Working data:
^^^^^^^^

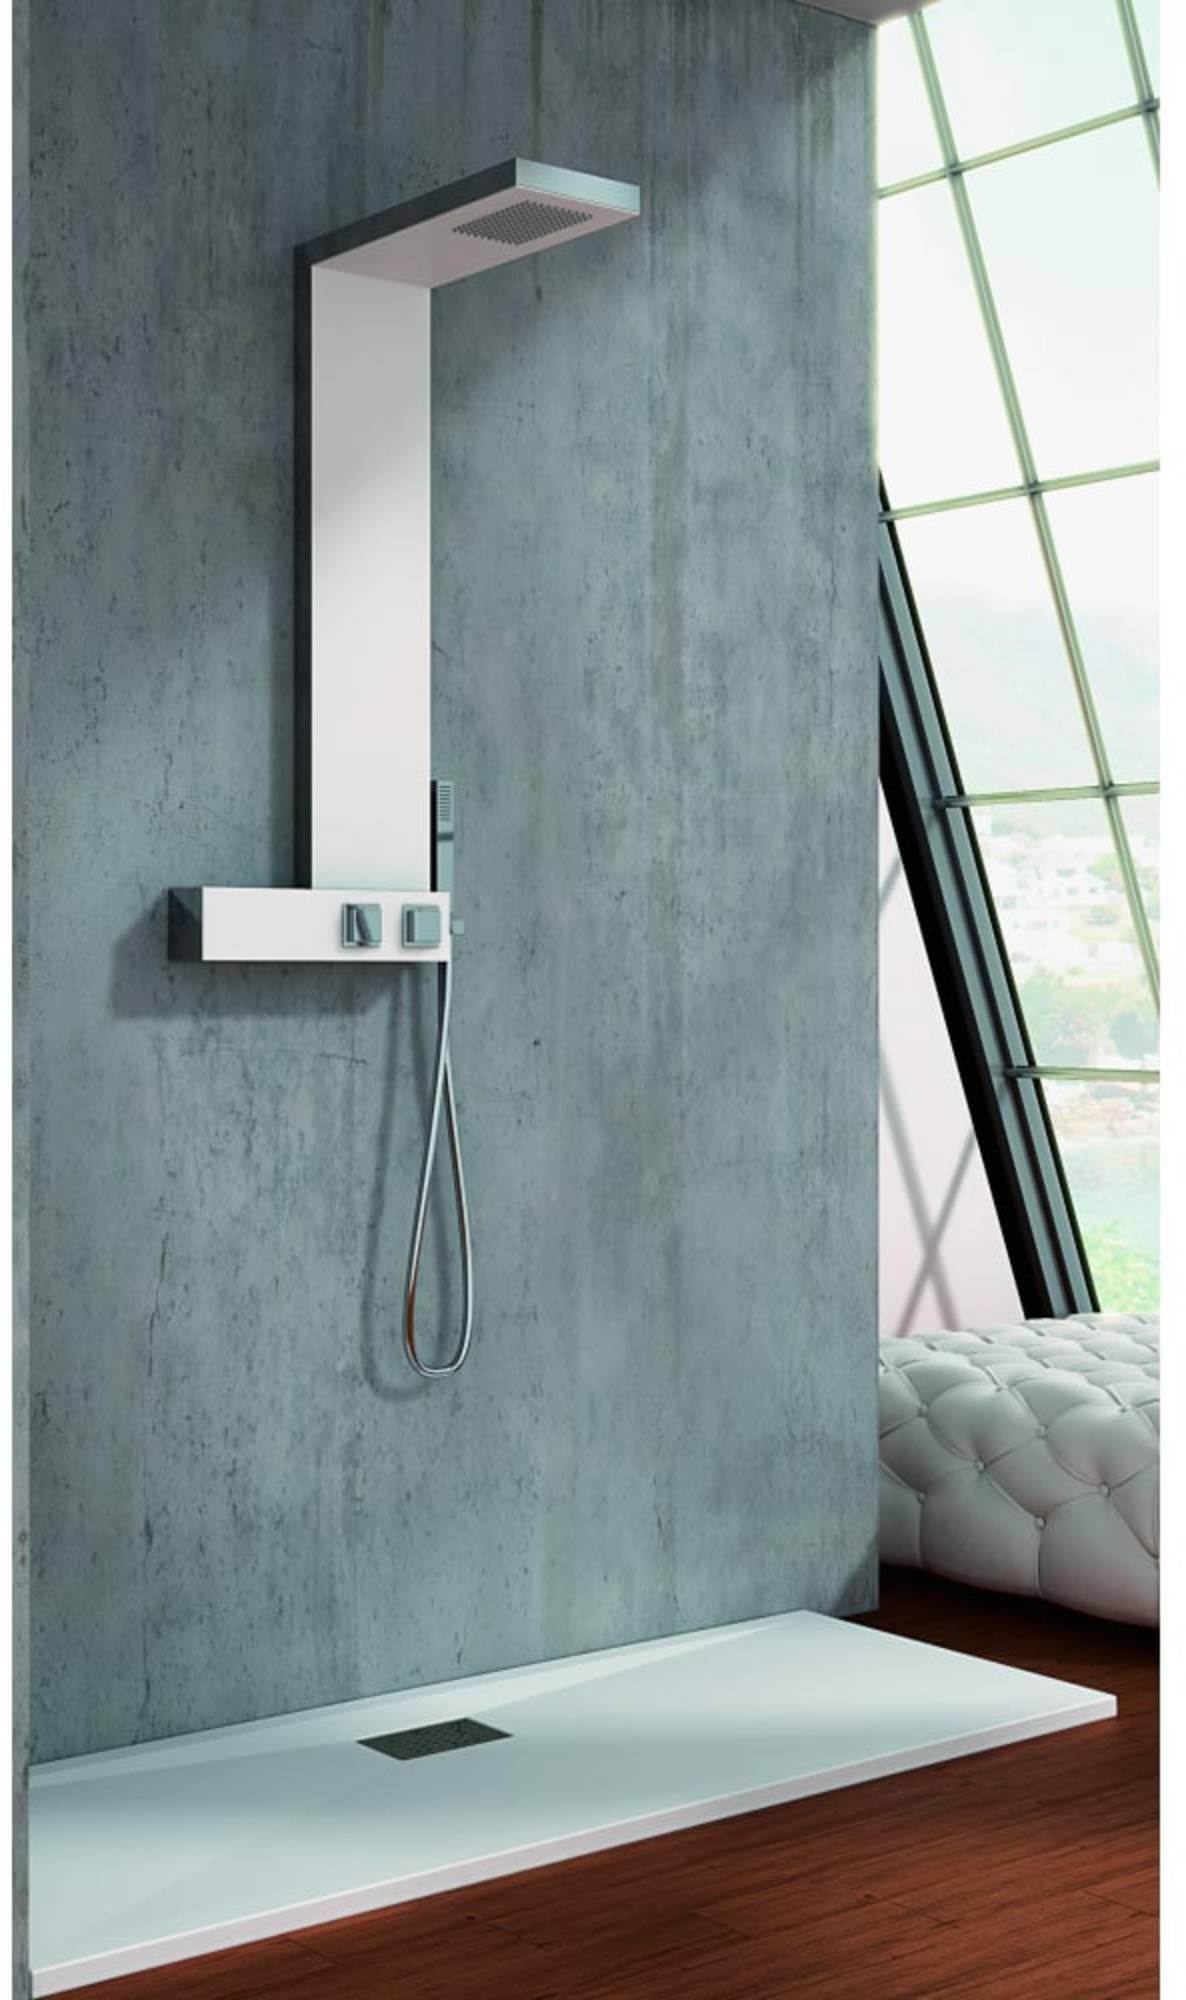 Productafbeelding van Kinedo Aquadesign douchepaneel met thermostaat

^^^^^^^^

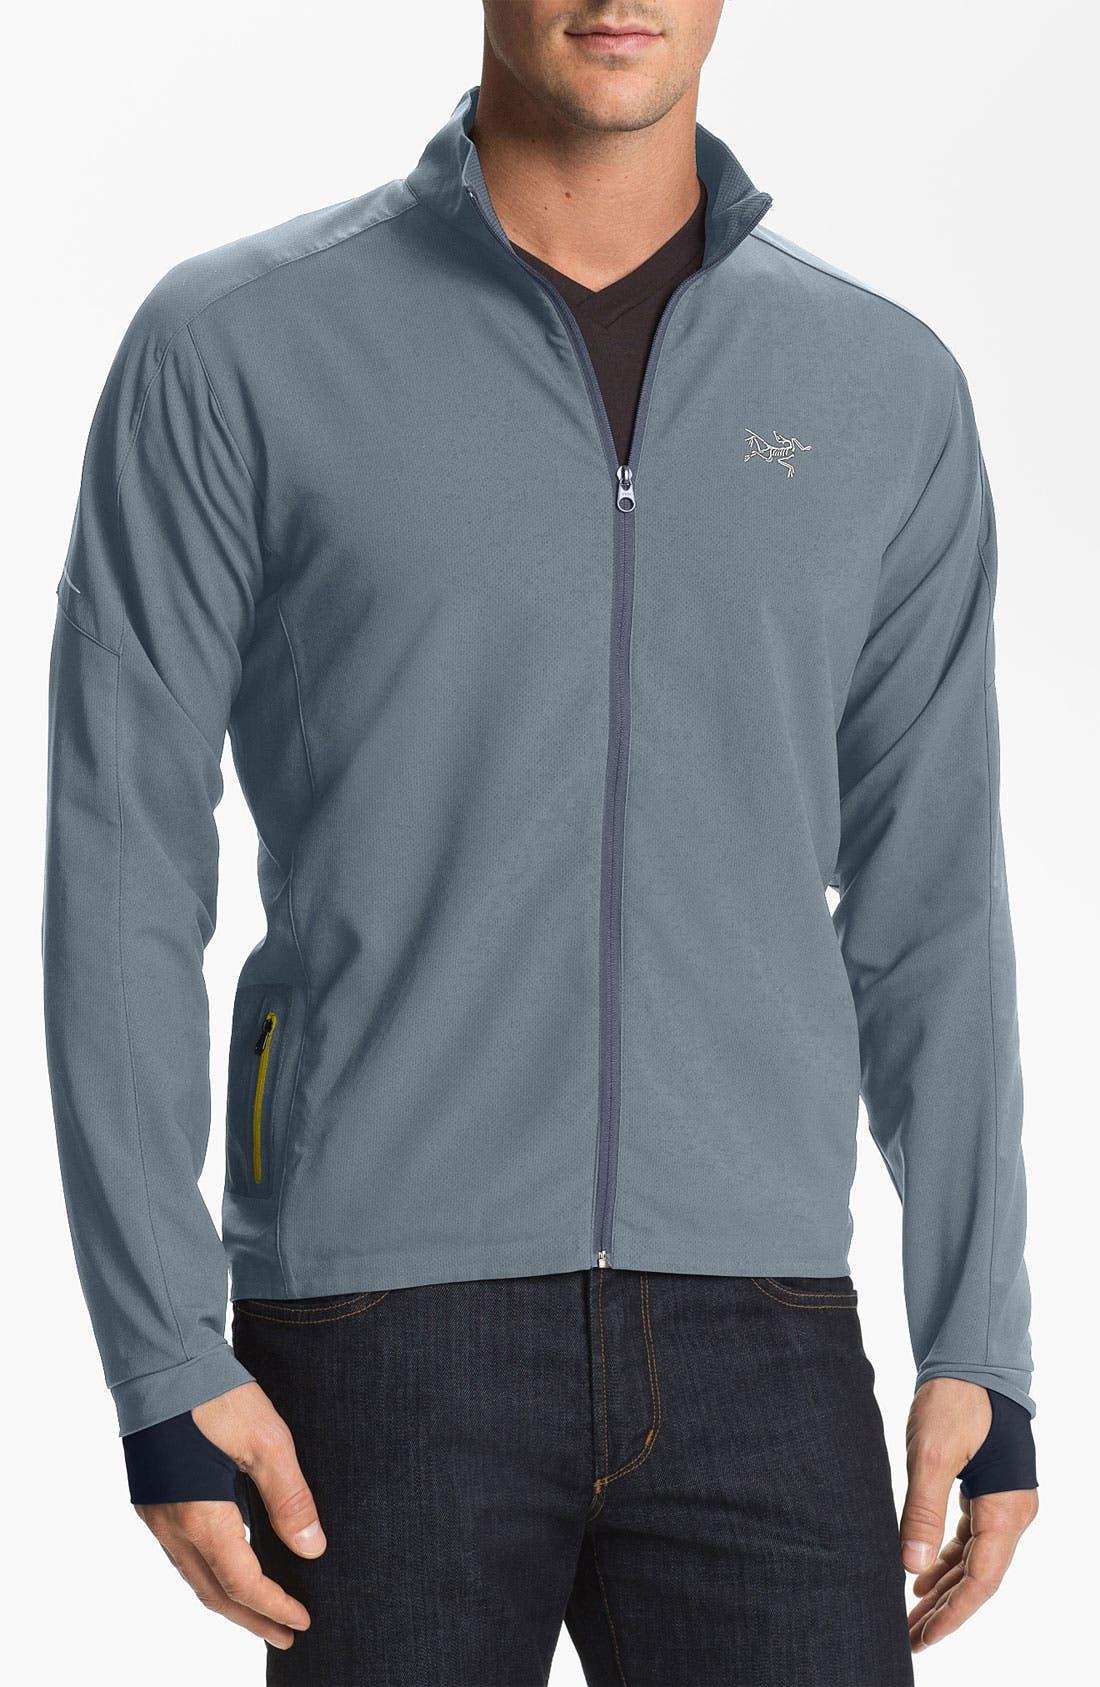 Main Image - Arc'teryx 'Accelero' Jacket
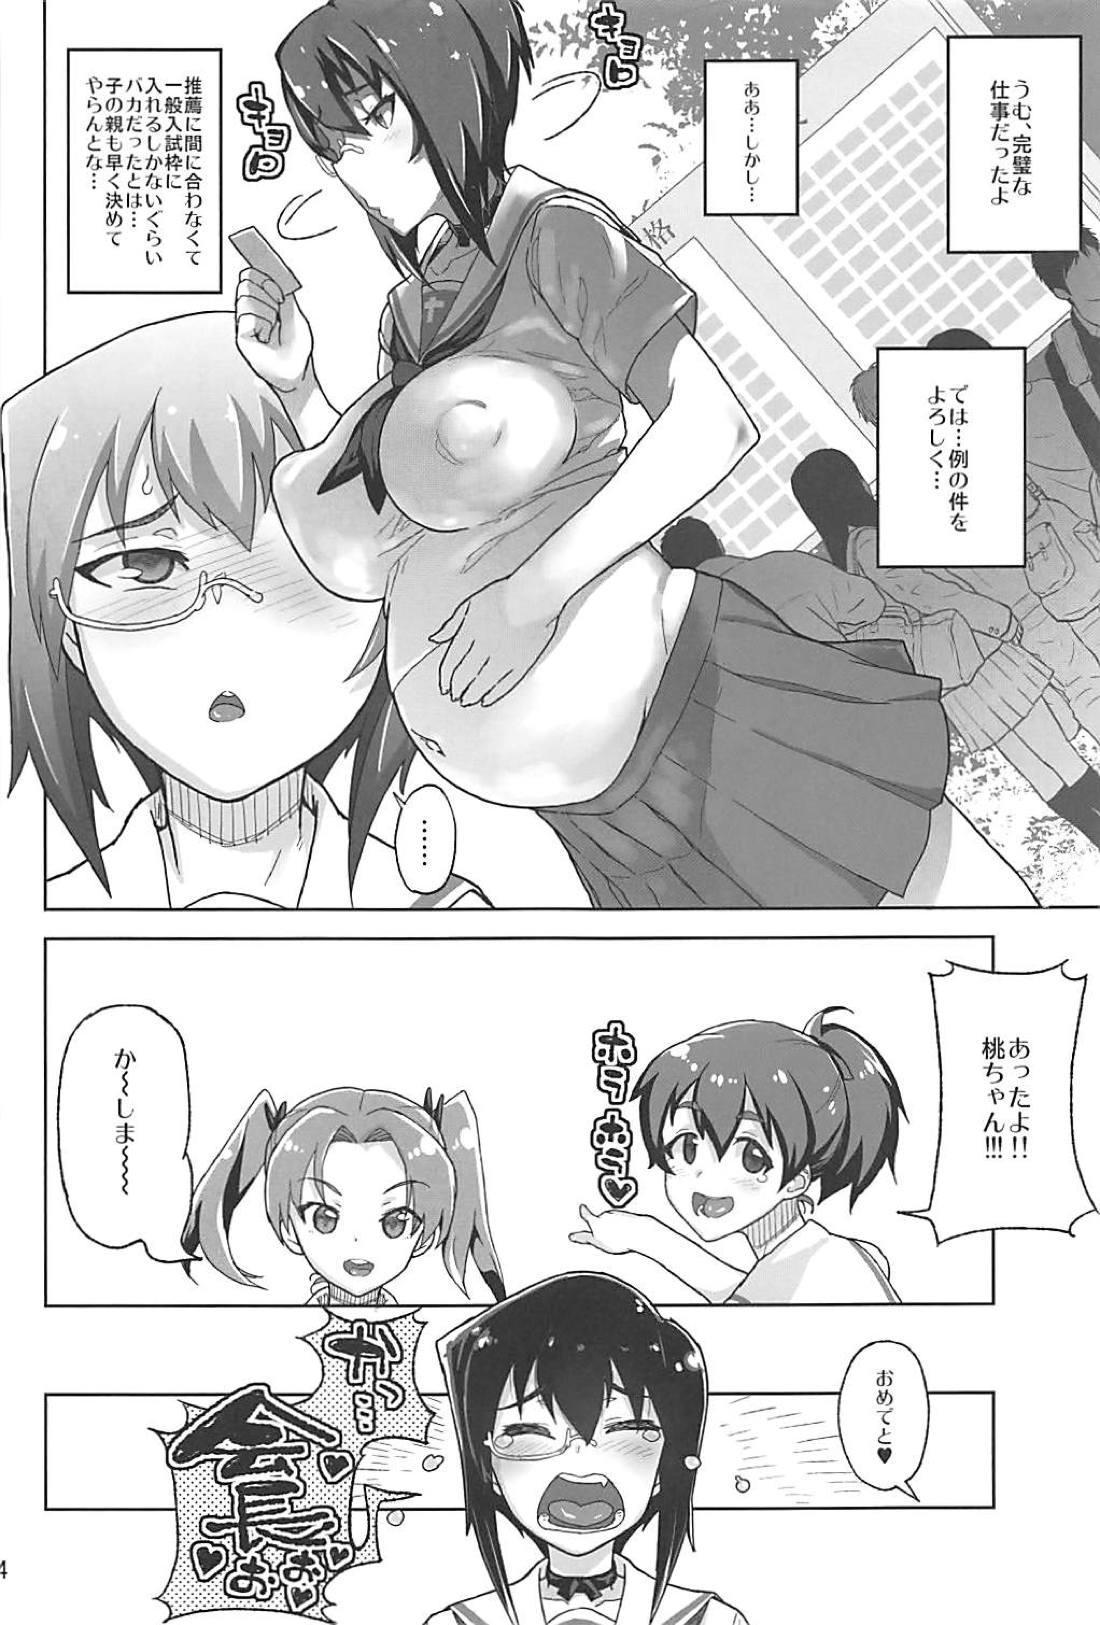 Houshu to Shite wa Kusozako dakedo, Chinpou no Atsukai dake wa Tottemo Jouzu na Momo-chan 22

^^^^^^^^

Task to carry out: Above are some entries; copy exactly the lines from the line with "Main Image - Arc'teryx 'Accelero' Jacket" through the line with "Houshu to Shite", both included, but none of the pictures.

Answer to this task:
 Main Image - Arc'teryx 'Accelero' Jacket
 Houshu to Shite wa Kusozako dakedo, Chinpou no Atsukai dake wa Tottemo Jouzu na Momo-chan 22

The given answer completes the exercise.